One possible archival media is a very thin layer of gold deposited on a thin layer of RbSb. The optimum electron energy for reading is about 300-450 volts, at the peak SEE output of the RbSb sub-layer, and for unwritten media the lower gold SEE ratio at this voltage will apply and few electrons will be emitted. Writing is accomplished by melting both layers so the gold is absorbed or mixed into the RbSb layer. On data read, without the gold top layer, the SEE response of the RbSb will dominate and the readout SEE rate will be about 8X greater as shown in Figure 10.1.
The SEE outputs are ‘prompt’ and occur picoseconds after e-beam irradiation. Similar media designs using RbSb can be considered using a variety of low δ SEE materials; tin, lead, indium, gallium etc. A similar approach could use a two layer media with Rubidium deposited over Antimony. With an under layer of Antimony (Sb), and a layer of Rubidium (Rb, δ =0.9) on top, the unwritten response would be low, but on melting the layers would mix, and after cooling increase the SEE response to that of RbSb at δ =7.1. Control of the initial deposited layer thicknesses provides the Rb, Sb mix for maximum SEE output shown in Figure 10.2.
A PRELIMINARY DESIGN
The initial design approach employs a rotating disk with an e-beam sensitive media layer and a CNT based read/write head assembly 0.5mm in diameter, 1mm long, mounted on an actuator arm. The entire CNT/electrodes structure is located in a vacuum housing with the CNT at one end and the e-beam exiting the structure through a semi-permeable membrane at the other.

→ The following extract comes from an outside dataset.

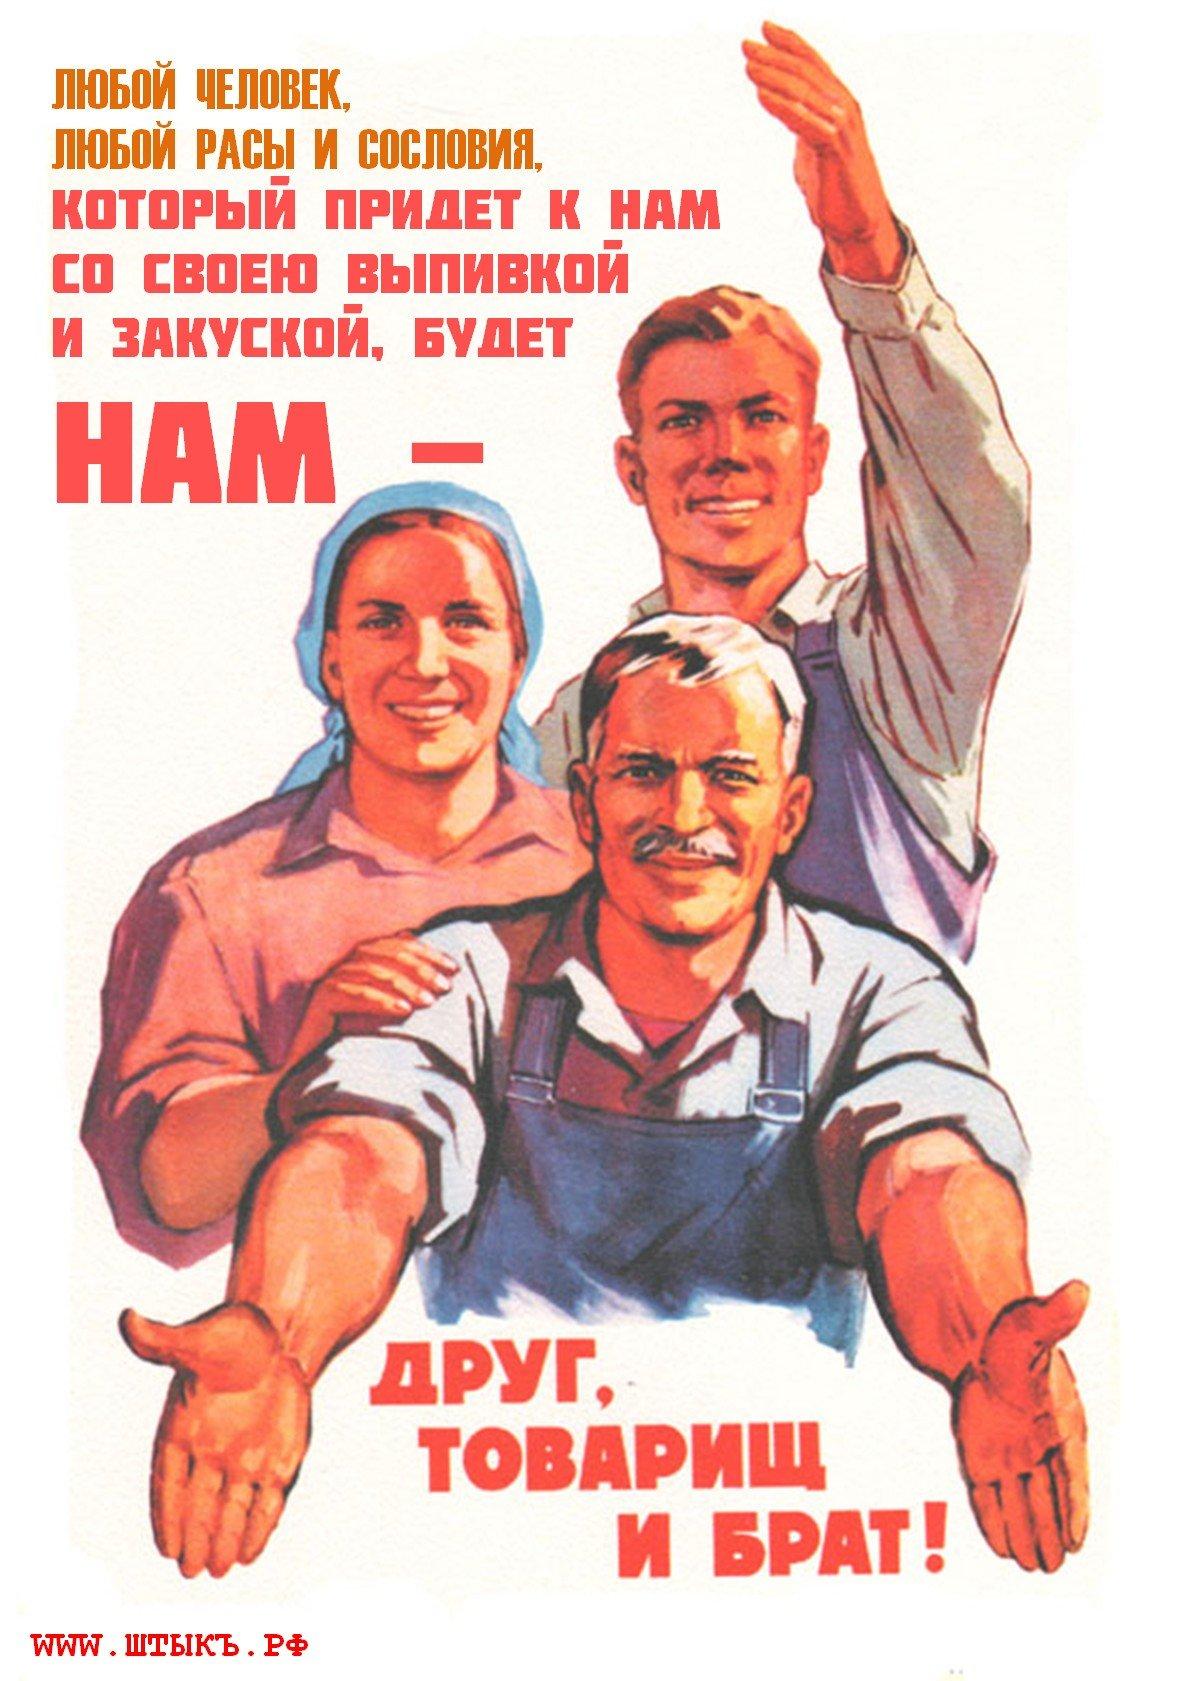 один плакаты советских времен фото именно

The multi-walled CNT of any chirality has a length of about 800nm and is nominally 30nm in diameter. A first gating aperture electrode is located concentric to and 1µm from the CNT tip and is nominally at a 50 volt potential to the CNT, providing a beam current of 0.1 micro amps, with over 1µA available. A second concentric focusing electrode is distant 1 µm from the gating electrode and at the CNT potential. A window 20 nm thick is located as a seal at the end of the vacuum enclosure and 1mm from the CNT. An aperture electrode is located inside the window at a positive accelerating voltage of 1.5KV. The focusing voltage is adjusted so the e-beam is brought to a slow focus 10-20 microns from the window exterior with the media 15microns from the head structure.
CONCLUSION
Carbon nanotube technology is relatively new but has advanced rapidly the design and fabrication of a read-write head is now viewed as a design development task. Implementing appropriate media entails some small risk as does achieving the desired track following accuracy. The use of a CNT based Nano Head Assembly enables several innovations not practical with today’s HDD’s. These are possible as CNT emitters can be grown in close proximity to each other. Mark detection schemes rely on electron interaction with the media, an area of little data, but offering many media possibilities.